Minorities and Women in OSA
Meet this female fellow
Laura M. Lechuga
Catalan Institute of Nanoscience and Nanotechnology (ICN2)
SPANISH RESEARCH COUNCIL (CSIC) and CIBER-BBN
OSA Member since: 2009
OSA Fellow since: 2014
Prof. Laura M. Lechuga is Full Professor of the Spanish National Research Council (CSIC) at the Catalan Institute of Nanoscience and Nanotechnology (ICN2) in Barcelona, Spain, since 2008. Prior to coming to Barcelona, she spent 18 years at the National Microelectronics Centre (Spanish National Research Council) in Madrid, Spain, and two years at the MESA+ Research Institute (University of Twente, The Netherlands). Actually, she is also Adjunct professor at the Arctic University of Norway (Norway) and distinguished Visiting professor at Campinas University (Brazil).
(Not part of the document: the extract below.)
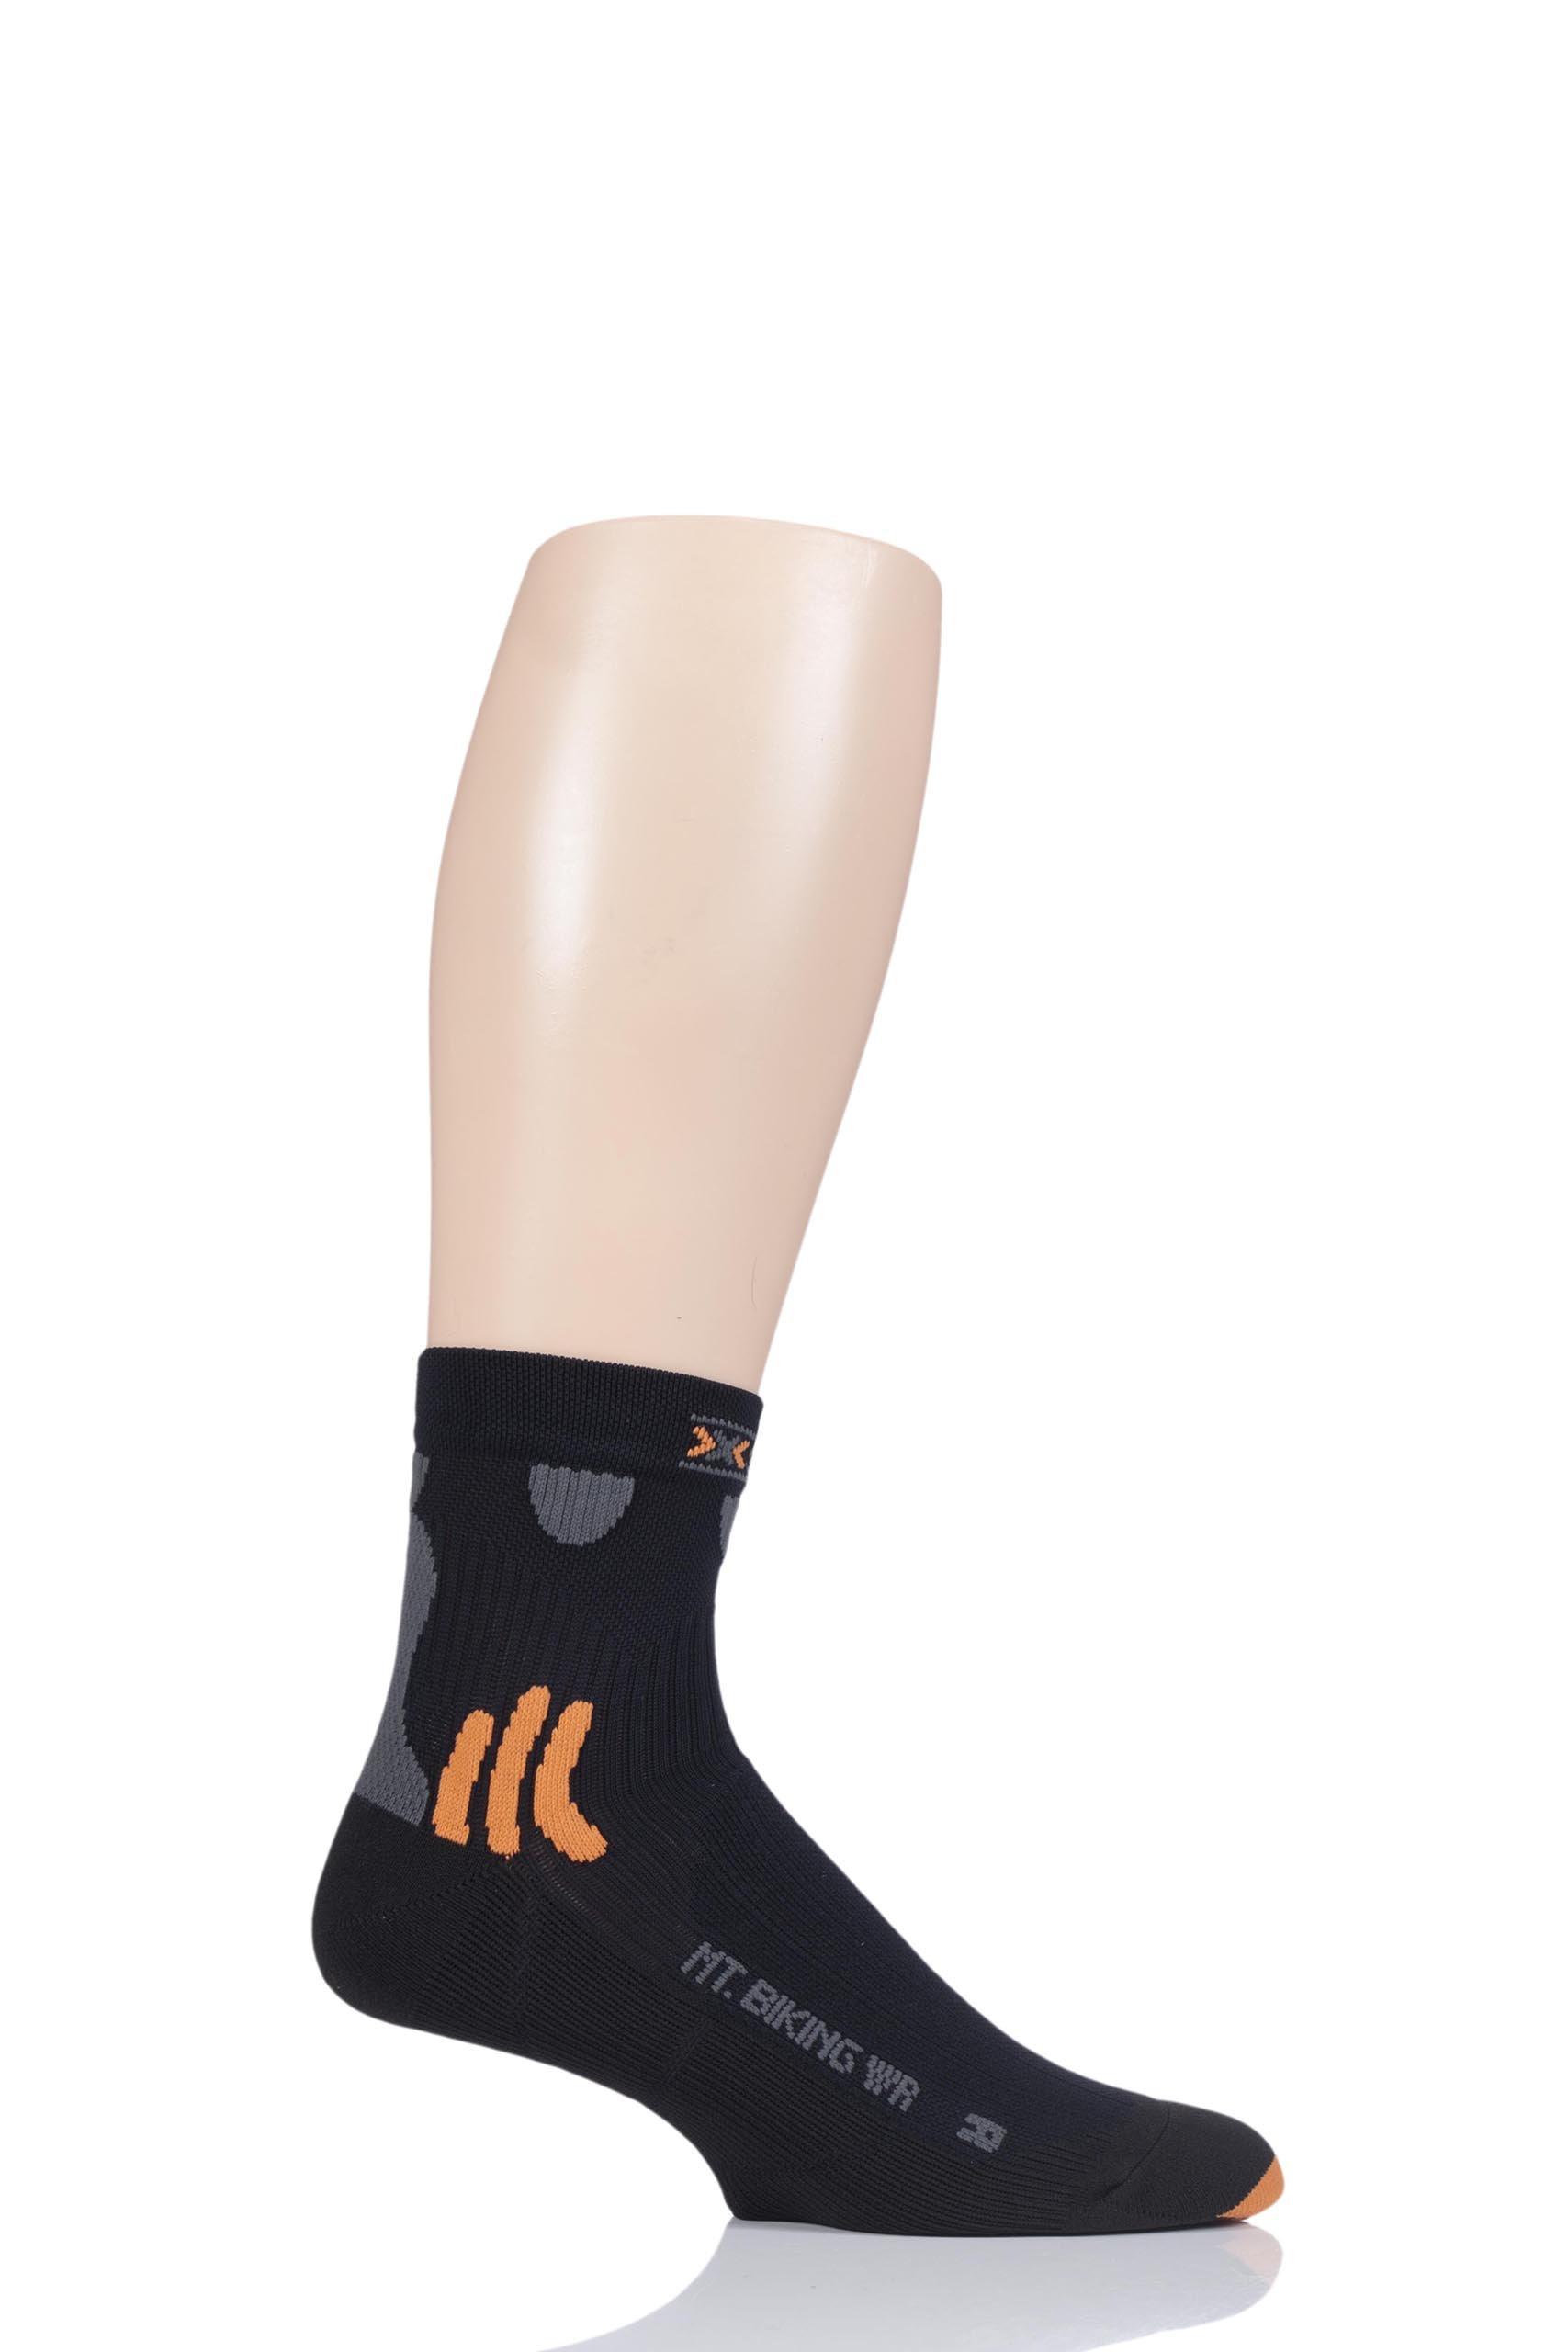 X-Socks Mountainbiking Short Water-repellent Black, Size:45/47

She has been co-founder of spin-offs companies since 2004 and has been actively involved in the development of the companies. One of her companies was sold to a large industrial Group in 2012.
She also serves as Associate Editor for IEEE Photonics Journal and for the Journal of Laser Technology.
What is your advice for balancing one’s professional and personal life?
There is no doubt that the best approach to reach a top position and stay relevant in your career is to invest yourself (effort, time…) in your research. Support and understanding from your family and your close circle of friends is essential, and to count with a supporting partner that accompanies you in achieving your goals is a must, although not necessarily easy!
Have an eye in not trying to be “perfect” in all the above mentioned aspects (career, family, friends, colleagues, partner…) but to be flexible enough to combine them in the best way. Good planning increases the chance of success in balancing one’s professional and personal life. But important: not forgetting to take care of yourself at the same time.
Do you have suggestions for how female scientists can support each other’s careers and development?
One of the best ways to support female scientists to go ahead with their careers is to stimulate them by supporting their work and transmitting energy and confidence in themselves. I also believe in motivation by mutual help and encouragement, as well as in sharing both success and difficulties, to have open discussions about how to coexist happily with success and how to overcome difficulties.
We should be more actively involved in “female” networking by mentoring and recommending talented young women scientists for positions, conferences or committees. Female principal investigators must be an example within their own groups by recruiting female scientists when possible and promoting them to achieve a better gender equality.